The Right Way to Use Compact Flourescent Bulbs in Outdoor Fixtures

Hi, Lisa. I’ve been using compact fluorescent bulbs in my outdoor lights, but they don’t look right. They take a long time to light up when it’s cold, but once they’re lit, they’re too bright. What am I doing wrong?  Thanks, Doug

Hi Doug. Your question is a great one, since lots of folks are now using compact fluorescent bulbs in their outdoor lights. Based on your comment about the bulbs looking too bright, it sounds like your fixtures might be lanterns that have a glass face so you can see the bulb.

Compact fluorescent bulbs (CFL’s) can be successfully used in outdoor fixtures, but let’s take a look at what we need to consider in order to use them successfully:

  1. At night, the dark adapted eye does not need nearly the amount of light to see that is required under daylight conditions. This means that we do not need nearly the wattage in an outdoor fixture that we’d use inside. A 20W CFL bulb is MORE than enough (this equals 60-75 watt incandescent bulbs), and 13W or 10W bulbs (these equal about 40W incandescent bulbs) are even better.
  2. CFL’s require a minimum temperature to light up and to reach full brightness. The colder it is, the longer it takes a CFL to reach its full brightness. In a cold climate, like Colorado’s, outdoor use of CFL’s is a challenge in the winter.
  3. The single biggest factor that affects fluorescent bulb life is the number of times the bulb is turned on and off. If you have a fixture on a motion sensor and it cycles on and off repeatedly, the bulb will fail much faster than one that is turned on and stays on for hours at a time.
  4. CFL’s are brighter to look at than incandescent lamps. This is particularly an issue in fixtures with glass fronts, which means that the light is spilling out in all directions. We want to choose fixtures where the bulb is not visible behind glass, or is at least concealed behind glass that’s translucent and diffuse, not transparent.

So, how do we put all of these considerations to practical use?

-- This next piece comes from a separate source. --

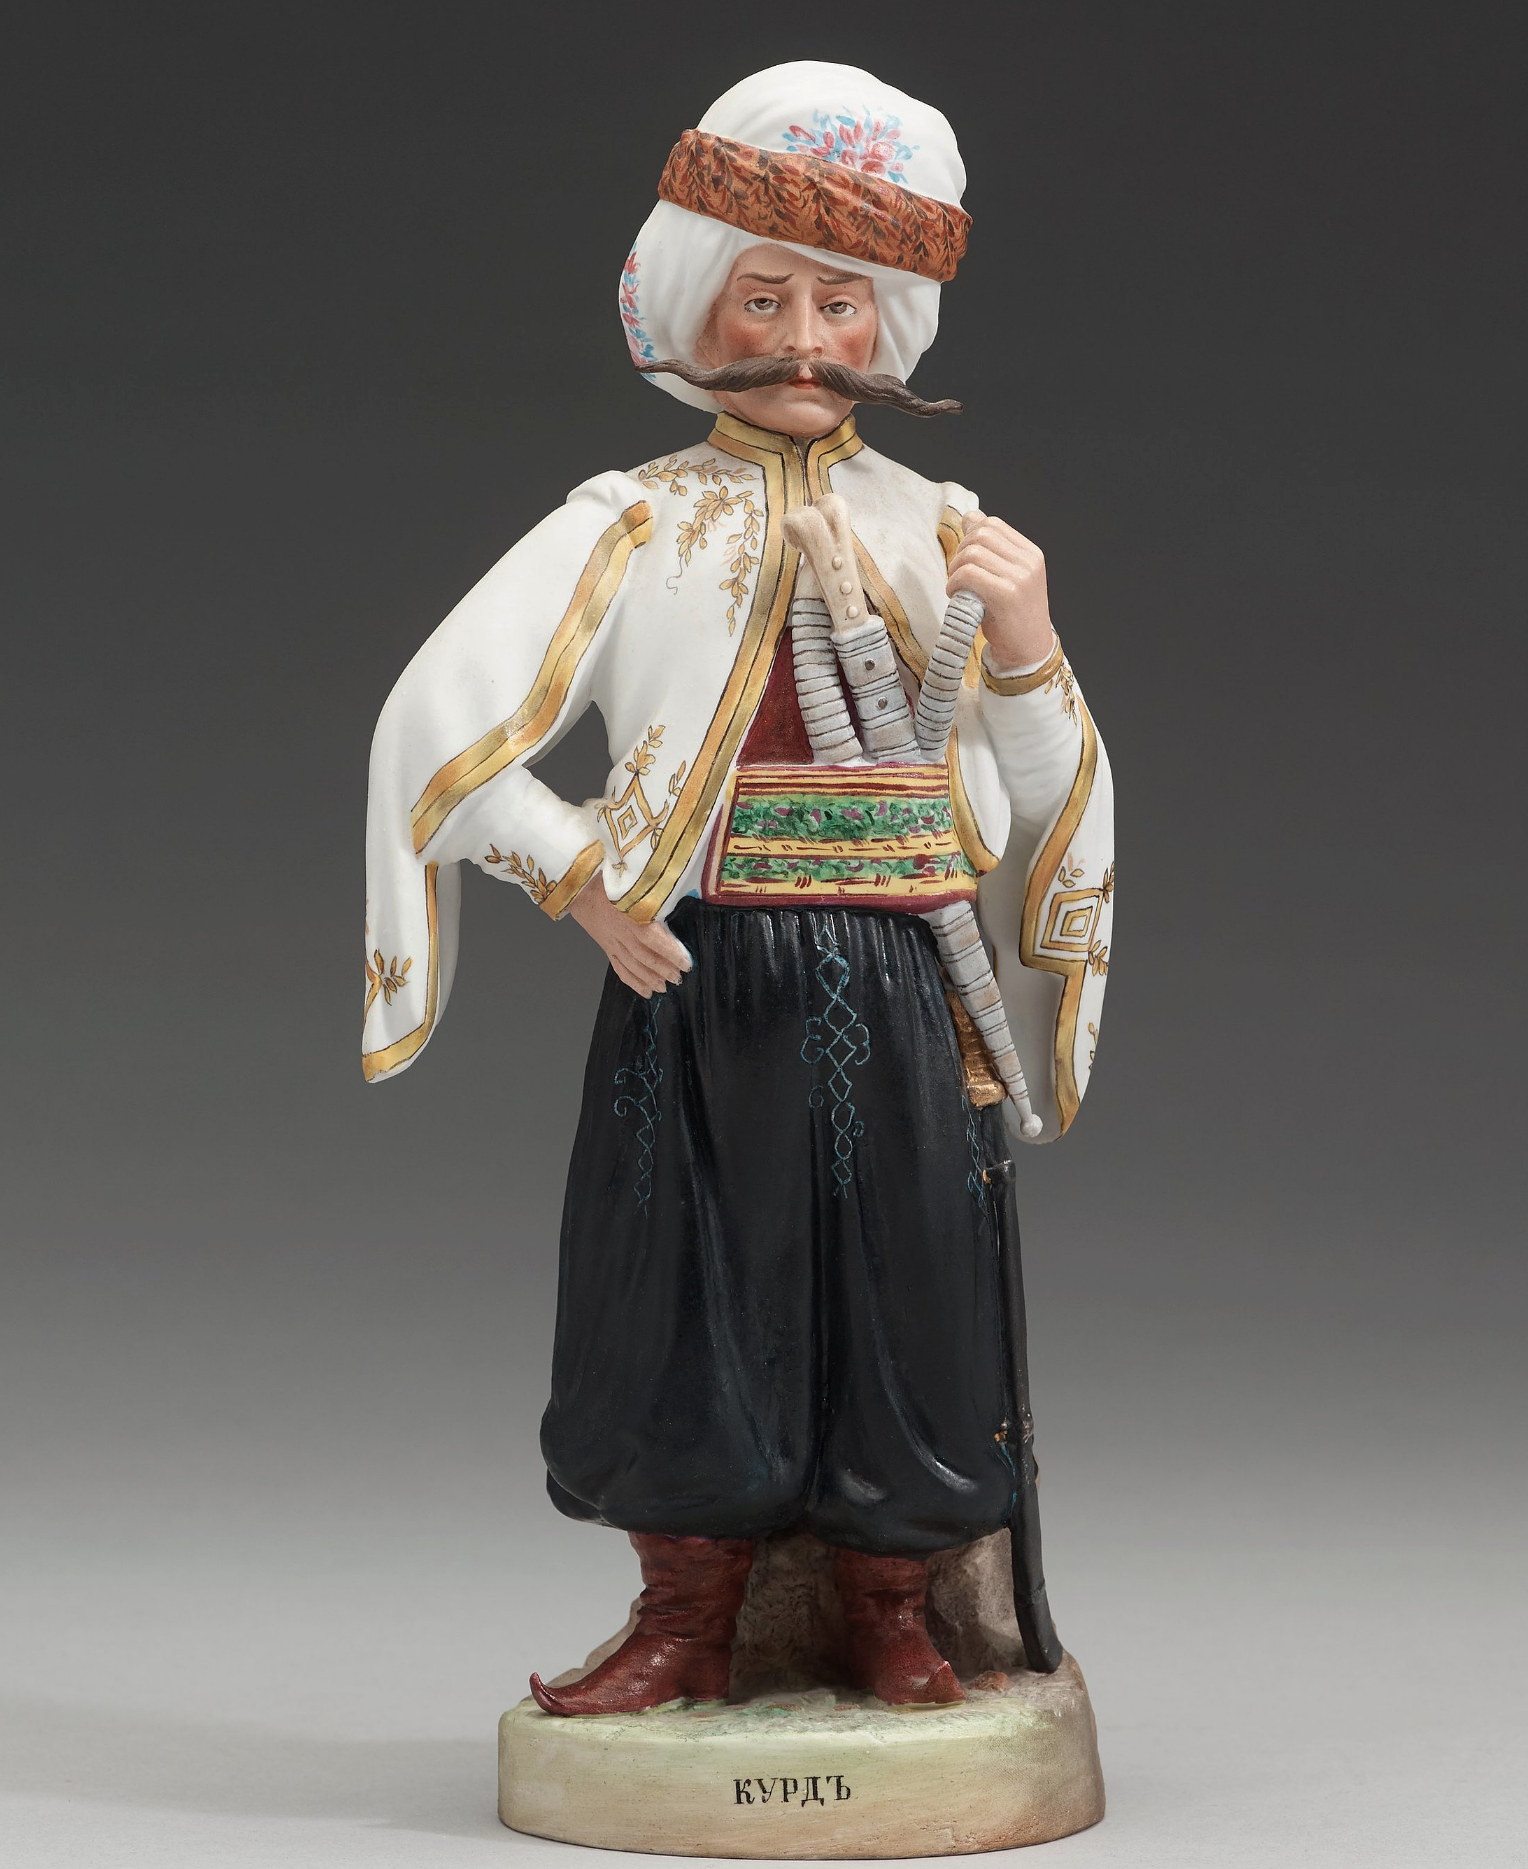 Gardner porcelain figure Kurd from "Peoples of Russia" series

  • Use a much lower wattage bulb than what you would expect. In outdoor lighting, less is more!
  • For fixtures in extreme cold or that cycle on and off frequently but don’t remain on for long, use fixtures with integral LED sources or an energy saving halogen bulb. As LED technology continues to develop, LED replacement bulbs will likely be perfect for outdoor use, but they are not ready for the big time yet.  Stay tuned.
  • Use twist-type CFL’s only in enclosed fixtures or under eaves or overhangs, not in the open.
  • Use fixtures with diffuse glass or, preferably, Dark Sky compliant fixtures, like these from Foothills Lighting.

In future columns, we’ll address the importance of Dark Sky legislation, its links to both environmental sustainability and human health, and how to choose lighting that complies with Dark Sky standards.